» **HOW TO COMPLETE THIS TASK**:
Find and copy each line of the records where the string "blouse" shows up.

» **RECORDS**:

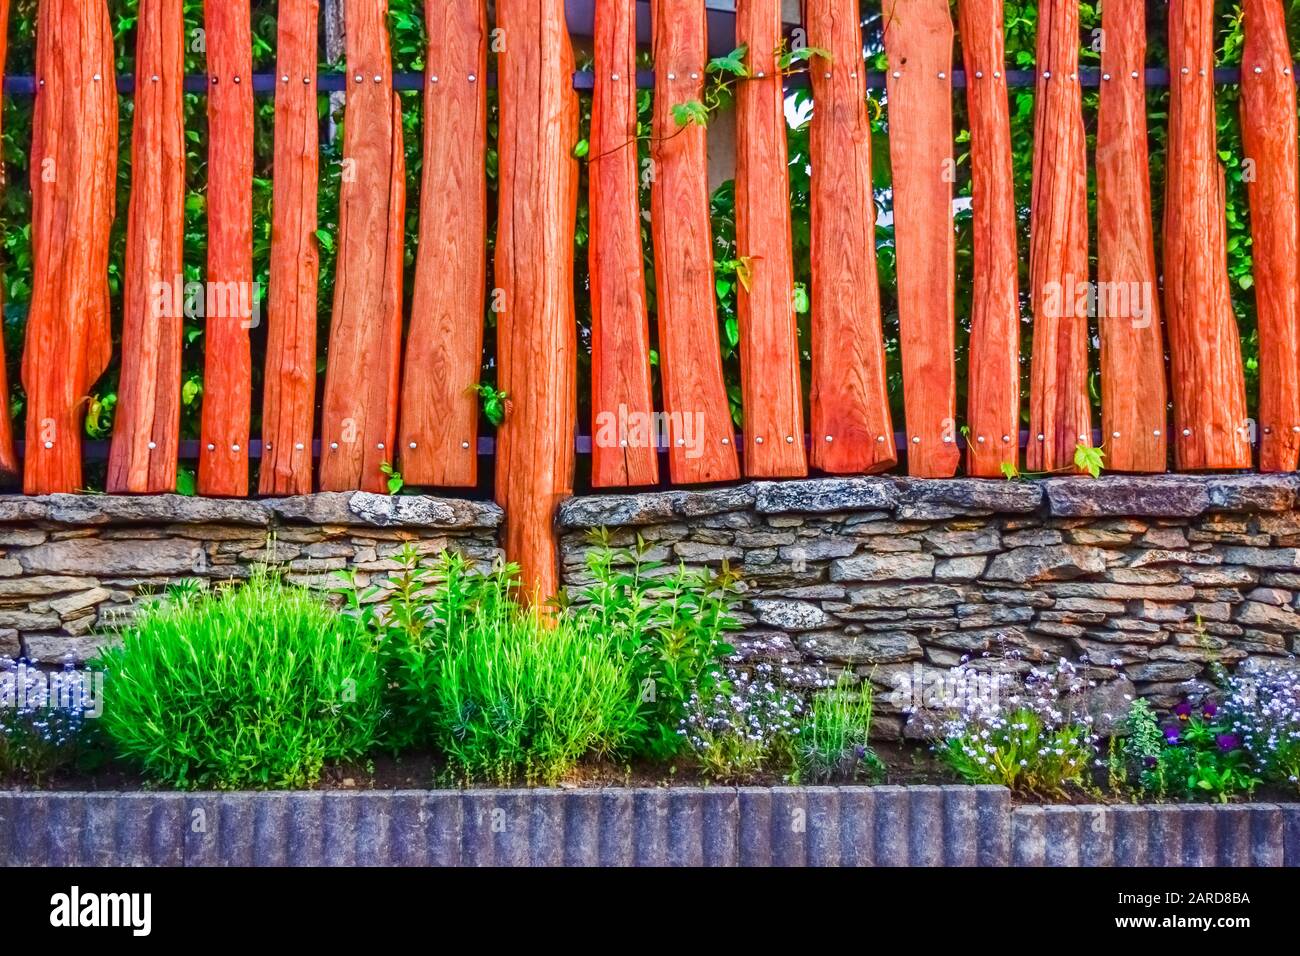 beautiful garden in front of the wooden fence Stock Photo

...

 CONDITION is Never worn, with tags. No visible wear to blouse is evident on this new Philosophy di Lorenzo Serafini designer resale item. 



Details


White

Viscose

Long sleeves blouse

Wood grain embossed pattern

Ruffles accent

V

» **ANSWER FOR THIS EXERCISE**:
 CONDITION is Never worn, with tags. No visible wear to blouse is evident on this new Philosophy di Lorenzo Serafini designer resale item. 
Long sleeves blouse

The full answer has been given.